Background

Ubiquitous saprophytic molds, Aspergillus species are common on decaying material throughout the world. More than 900 species are included in the genus Aspergillus. The agent responsible for more than 90% of human infections is Aspergillus fumigatus. Aspergillus flavus accounts for about 10% of invasive disease; Aspergillus niger and Aspergillus terreus each are responsible for approximately 2% of all invasive diseases. Other pathogens of interest include Aspergillus amstelodami, Aspergillus avenaceus, Aspergillus caesiellus, Aspergillus carneus, Aspergillus clavatus, Aspergillus oryzae, Aspergillus versicolor, and Aspergillus wentii. The most common cause of sinusitis is A flavus; the predominant cause of otomycosis is A niger.

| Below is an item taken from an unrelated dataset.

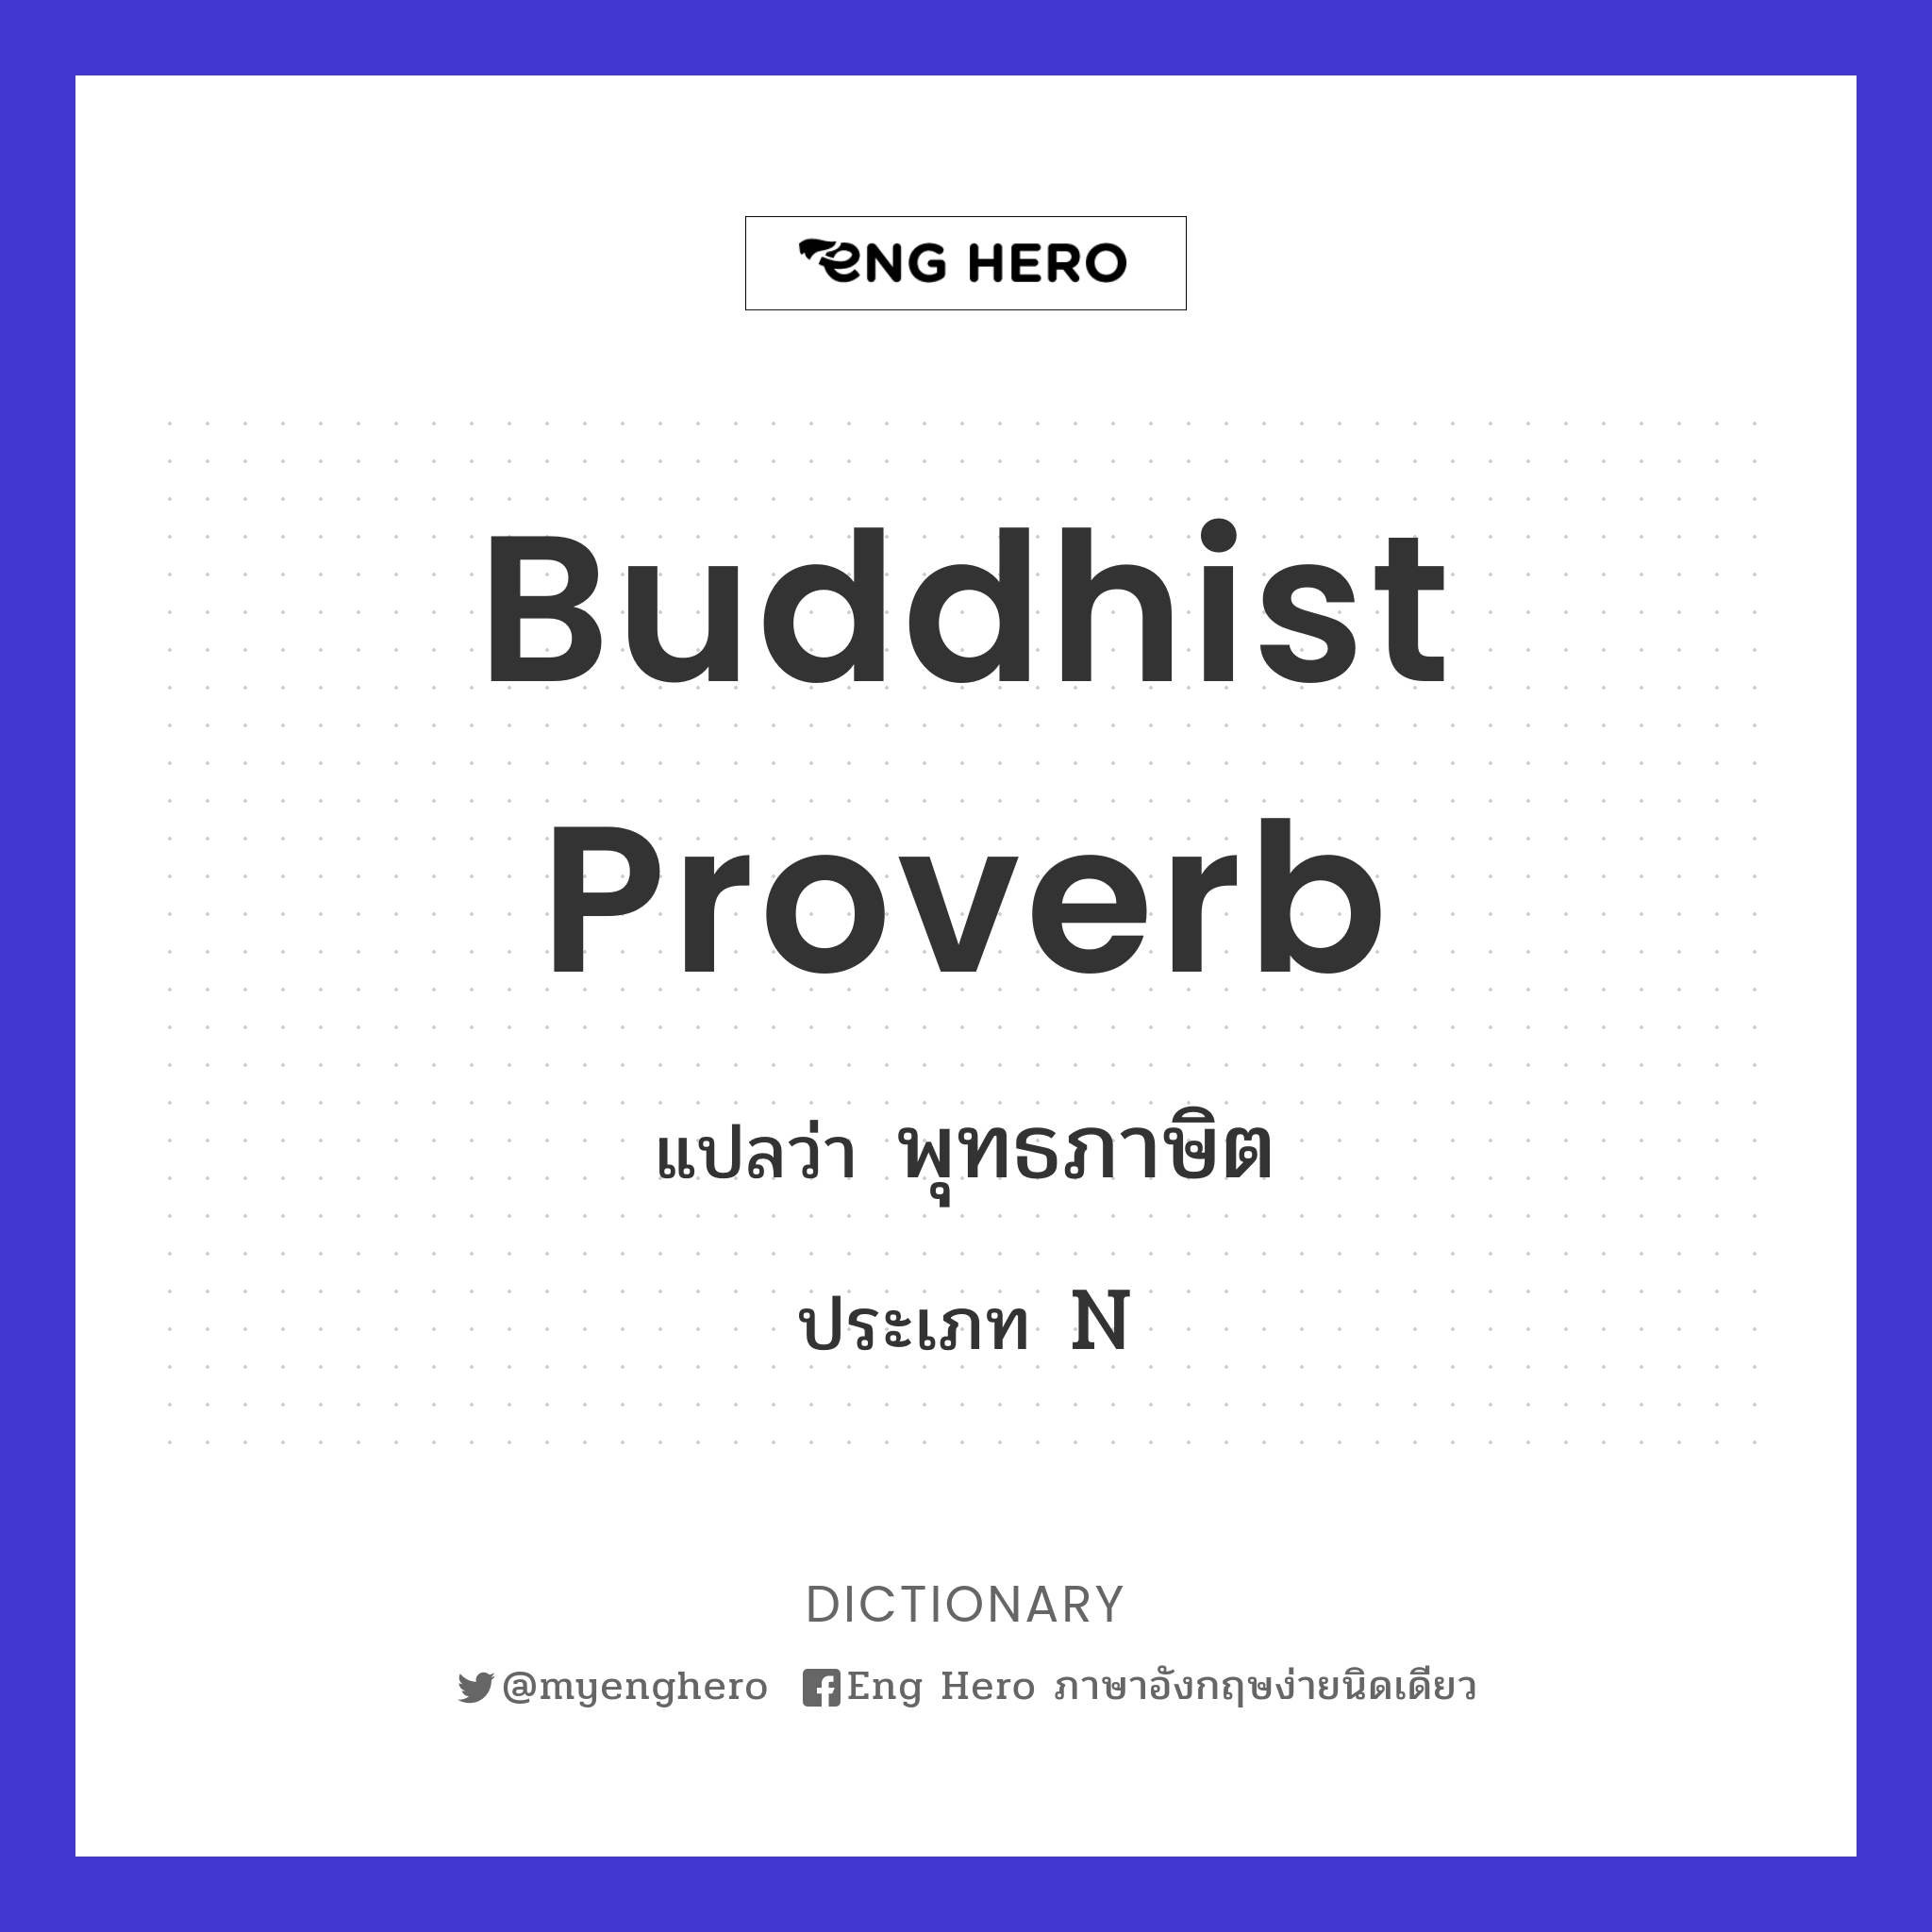 Buddhist proverb

Aspergillus species are characterized by dichotomously branching septate hyphae. Conidiophores are tubular structures arising from the hyphae, and the terminal ends of these widen to form vesicles. Spores or conidia are formed from long chains of sterigmata, which cover these vesicles. Abundant sporulation is demonstrated by every conidial head producing numerous conidia. These conidia are easily airborne, and their small size (ie, 2-3 µm) aids access to the lower respiratory tract. Characteristically, A fumigatus organisms are identified by the morphology of the conidia and conidiophores. A fumigatus organisms have green echinulate conidia produced basipetally from greenish phialides.

Pathophysiology

In most patients, the respiratory tract is the usual portal of entry and site of infection. Disease is classified by the site involved within the respiratory tract and by the extent of mycelial colonization or invasion of tissue, both of which are influenced by the host's immune status. Allergic disease (eg, allergic sinusitis, asthma, alveolitis) occurs following repeated exposure to Aspergillus conidia or antigens in patients without mycelial colonization or invasion. In contrast, allergic bronchopulmonary aspergillosis (ABPA), aspergilloma, and invasive aspergillosis syndrome involve mycelial growth in the body of the host.

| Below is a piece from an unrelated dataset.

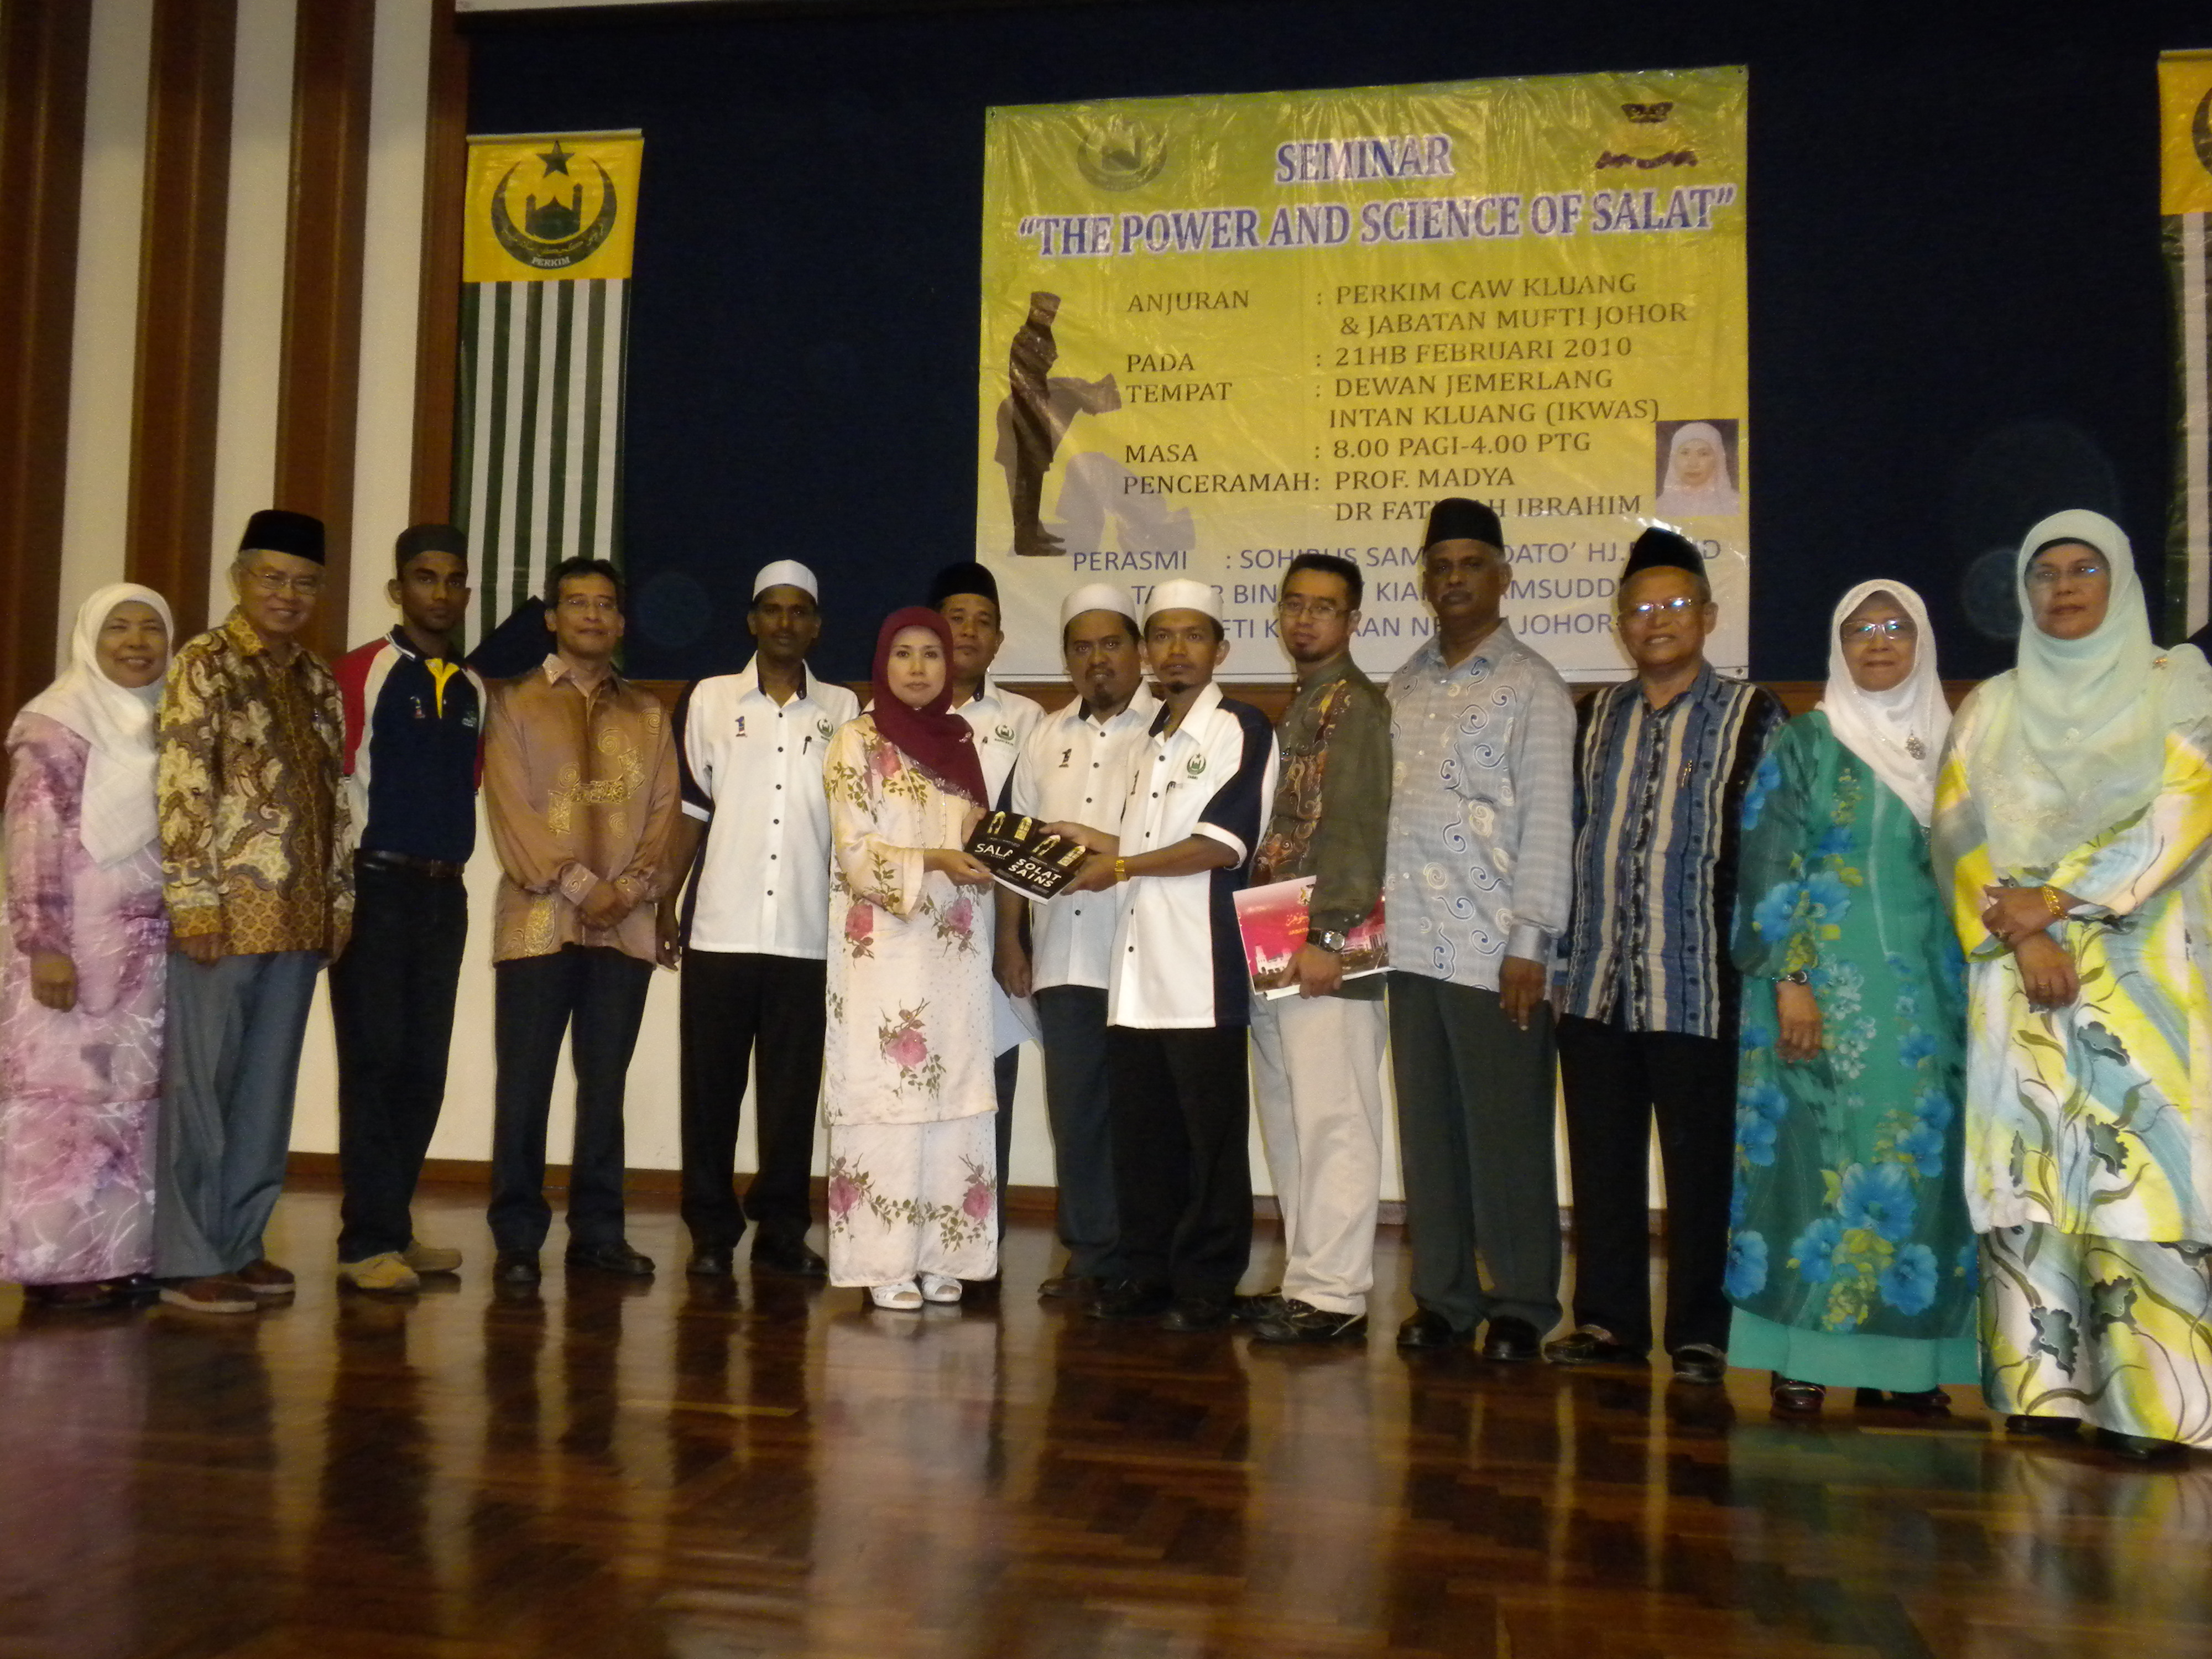 Johor jabatan mufti

Noninvasive aspergillosis is usually seen in immunocompetent individuals, whereas invasive aspergillosis is seen in immunocompromised patients.^[1]Noninvasive disease usually manifests as allergic bronchopulmonary aspergillosis, aspergilloma, and allergic sinusitis, whereas invasive disease can lead to widespread organ involvement, including pulmonary, cerebral, ocular, and cutaneous disease.

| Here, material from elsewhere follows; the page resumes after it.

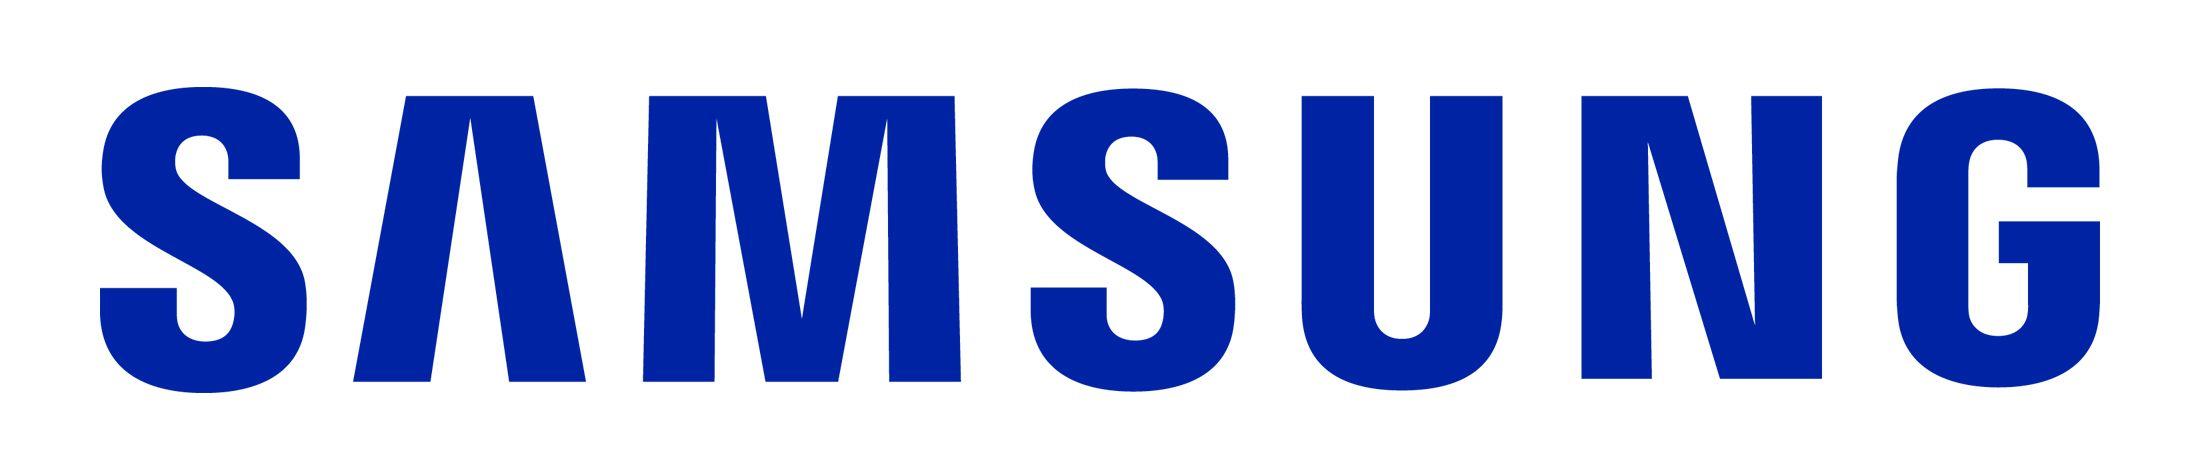 Small Samsung Logo - ADDING MULTIMEDIA Samsung Gear S3 Smartwatch Blends Distinctive

The histopathologic/cytopathologic view of invasive aspergillosis from a needle aspiration or biopsy demonstrates septate acutely branching hyphae or spherule formation (filamentous fungi without yeast forms), with evidence of associated tissue damage (either microscopically or unequivocally by imaging). Probable cases of invasive aspergillosis have been defined to include those with a clinically documented site of infection, and a culture from this site positive for Aspergillus species. Clinically documented infection is defined when fever is accompanied by cellulitis, sinusitis, pneumonia, or esophagitis. Possible invasive aspergillosis is defined as a clinically documented infection with undetermined microbiological etiology that did not respond to antibacterial therapy during persistent neutropenia.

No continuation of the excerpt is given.